We start by extracting vital sign information of the training data and merge with the current ICU the patients are in. To do so, we need to make sure that each patient has a uniquely defined position at any one time. So let us check the information from our current_icu view (see the `current_icu.sql` file for how this view is defined)

In [9]:
Q = """select icustay_id, charttime, curr_careunit 
from current_icu c 
order by icustay_id, charttime"""
df_care = execute_query(Q, con, schema_name)

Remove those entries that are not linked to an icustay_id

In [10]:
df_care = df_care[~df_care.icustay_id.isnull()]

The following table shows that we have duplicated rows

In [11]:
df_care[df_care.duplicated(keep= False)].head()

Unnamed: 0,icustay_id,charttime,curr_careunit
92964,200817.0,2116-07-15 13:11:00,CSRU
92965,200817.0,2116-07-15 13:11:00,CSRU
92966,200817.0,2116-07-15 13:15:00,CSRU
92967,200817.0,2116-07-15 13:15:00,CSRU
92968,200817.0,2116-07-15 13:30:00,CSRU


We can filter these out

In [12]:
df_care = df_care.drop_duplicates()

In [13]:
df_care = df_care.sort_values(by=['icustay_id','charttime','curr_careunit'], ignore_index=True)

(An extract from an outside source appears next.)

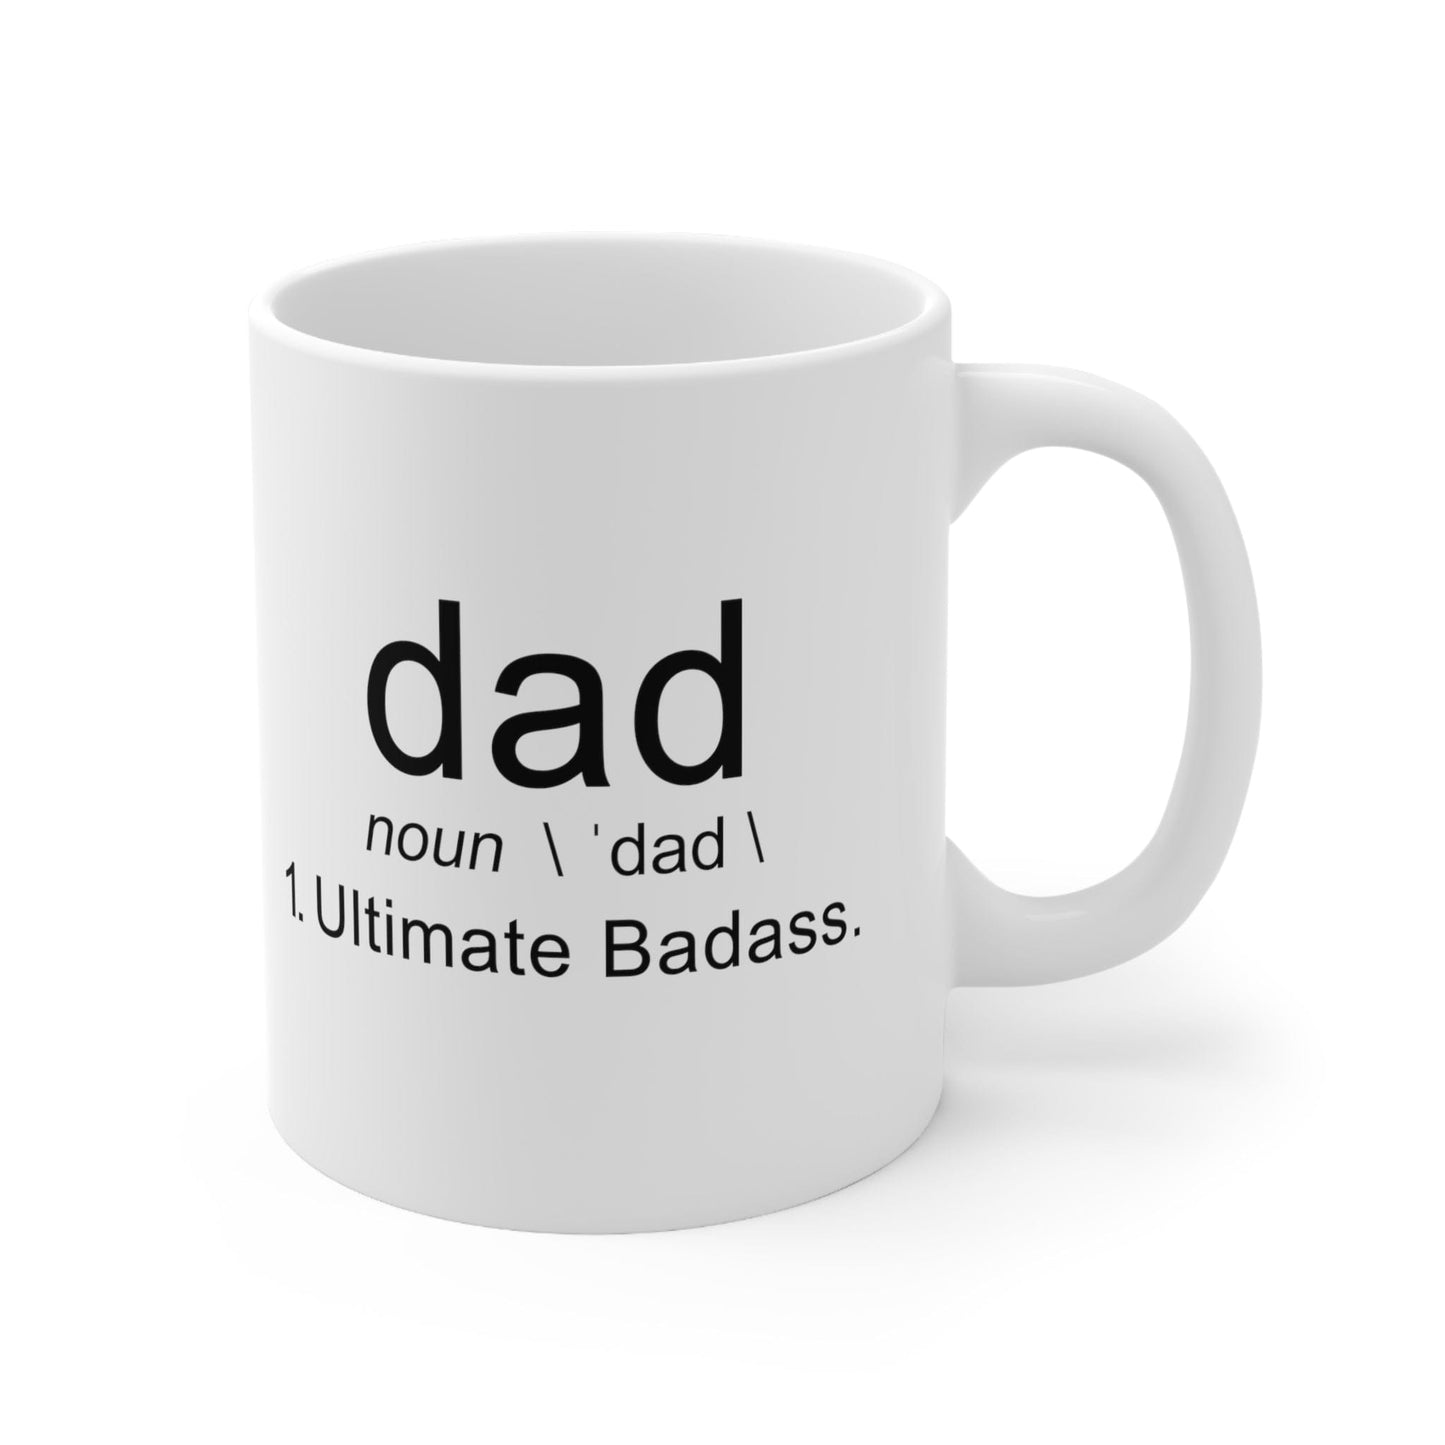 DAD Ultimate Badass Mug 11oz

However there are still repeated data for some patient at a particular charttime

In [14]:
df_repeats = df_care[df_care[['icustay_id', 'charttime']].duplicated(keep= False)]

df_repeats = df_repeats.sort_values(by=['icustay_id','charttime','curr_careunit'])

In [15]:
len(df_repeats)

636


This is actually caused by conflicting information for 8 patients in the original transfer data. We shall look at each of these patients closely to determine which location they are more likely to be.

In [16]:
df_repeats.icustay_id.unique()

array([200182., 208656., 208996., 241787., 245640., 275357., 278029.,
       281227.])

We can look at the original information from the transfer table. Let's look at 275357 as an example

In [17]:
df_repeats[df_repeats.icustay_id == 275357].head()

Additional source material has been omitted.